# Starter Clearance



## WhittP (Jun 19, 2013)

Just got my engine put back in and I want to make sure my starter is lined up right. Starters have always needed a lot of shims to bring them out far enough where they would disengage properly on this engine for some reason.

I tried to get it where I could stick a 1/8 inch drill bit in between the starter gear and flexplate since I've heard that's a good way to check clearance. 

Maybe since the hood is off the car the starter sounds funny to me but check out the pic and see what you think.


----------



## younggto (Nov 22, 2013)

Are you pulling the starter gear into the engaged position with a screwdriver when checking for clearance? 1/8" seems pretty large to me; I use a paper clip wire (approx .045-inch). This distance should be between the roots of the gear teeth. 
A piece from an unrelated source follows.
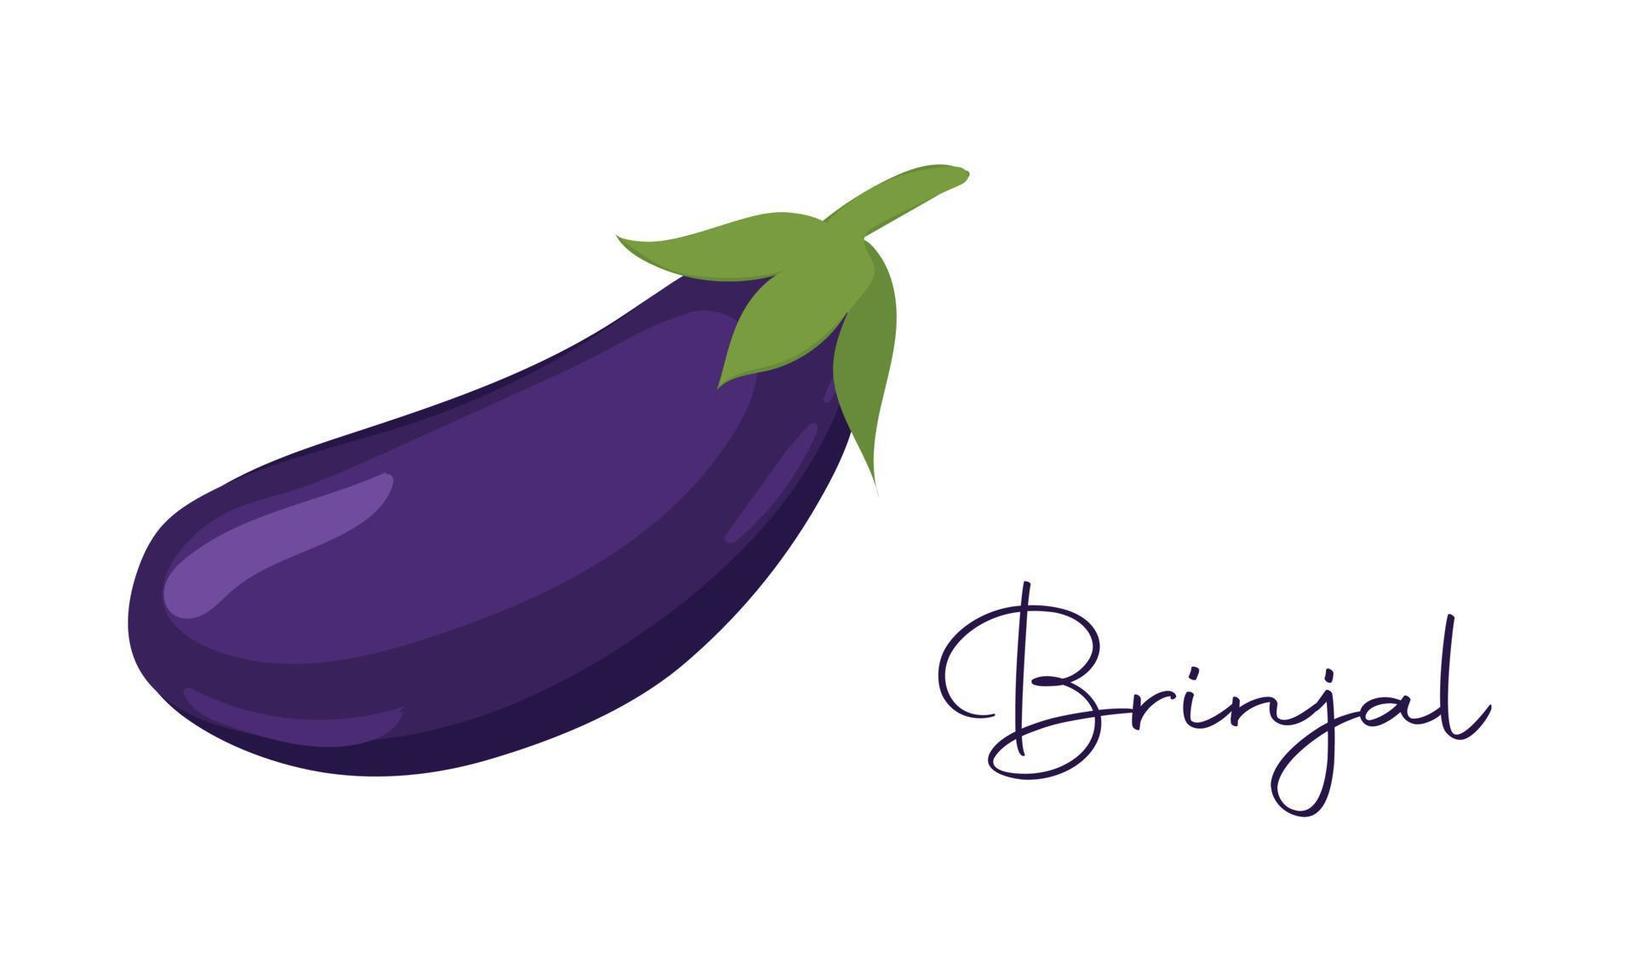 äggplanta, aubergine eller brinjal vegetabiliska vektor ikon i linje stil design för hemsida design, app, ui, isolerat på vit bakgrund.

Sent from AutoGuide.com Free App


----------



## WhittP (Jun 19, 2013)

Yeah I think I have it figured out. I was measuring the wrong part. I'll take a shim or 2 out and try the paper clip method. Thanks for the tip.


----------



## WhittP (Jun 19, 2013)

Works great since I removed a couple of shims. It still has a little more than .030 between the teeth but it sounds good.


----------



## PontiacJim (Dec 29, 2012)

WhittP said:


> Works great since I removed a couple of shims. It still has a little more than .030 between the teeth but it sounds good.


Damn, that's got to be the longest drawn out starter installation in the history of Pontiac Muscle.:wink2:

Yay!!!!!!!! So nice when things finally perform like they are supposed to.:thumbsup:


----------



## WhittP (Jun 19, 2013)

Haha well I had some projects in between but it's working just fine now.


----------



## the65gto (Oct 9, 2008)

I am about to install a "mini" starter on my 389. I need some more specifics and went searching and found these 2 different type of measurement. I bolted mine up into place, but is a PITA to get anything in there to do some measuring:nopity: Side note: Of the readings on doing this, most if not all said that once the pinion is engaged with the flywheel, it should remain there. When the engine starts, the faster moving flywheel will sling the pinion back into normal position.


----------



## AlaGreyGoat (Jul 6, 2006)

"Side note: Of the readings on doing this, most if not all said that once the pinion is engaged with the flywheel, it should remain there. When the engine starts, the faster moving flywheel will sling the pinion back into normal position. "

The pinion should retract when you let off the ign switch. If not, the
pinion will stay engaged and the starter will keep turning, even with the switch off, if the engine does not crank.


----------



## the65gto (Oct 9, 2008)

I am talking about when you are doing clearance measurements. See note below from Mfg. If the pinion does stay engaged, the engine speed is supposed to throw it back. The ratio of pinion dia vrs flywheel is about 20:1 1000rpm on engine = 20000 on starter pinion. Imagine 3-4k on engine with a stuck pinion. :nono:

A quote from ROBBMC "NOTE: IT IS NORMAL FOR THE PINION GEAR TO REMAIN ENGAGED WITH THE RING GEAR IF THE ENGINE DOES NOT START.

If the starter cranks the engine over, but the engine does not start, the pinion gear will remain engaged in the ring gear. This is normal and correct. Many people add shims thinking the starter gear should retract even if the engine does not start. This is wrong and will cause excessive backlash and gear failure."


----------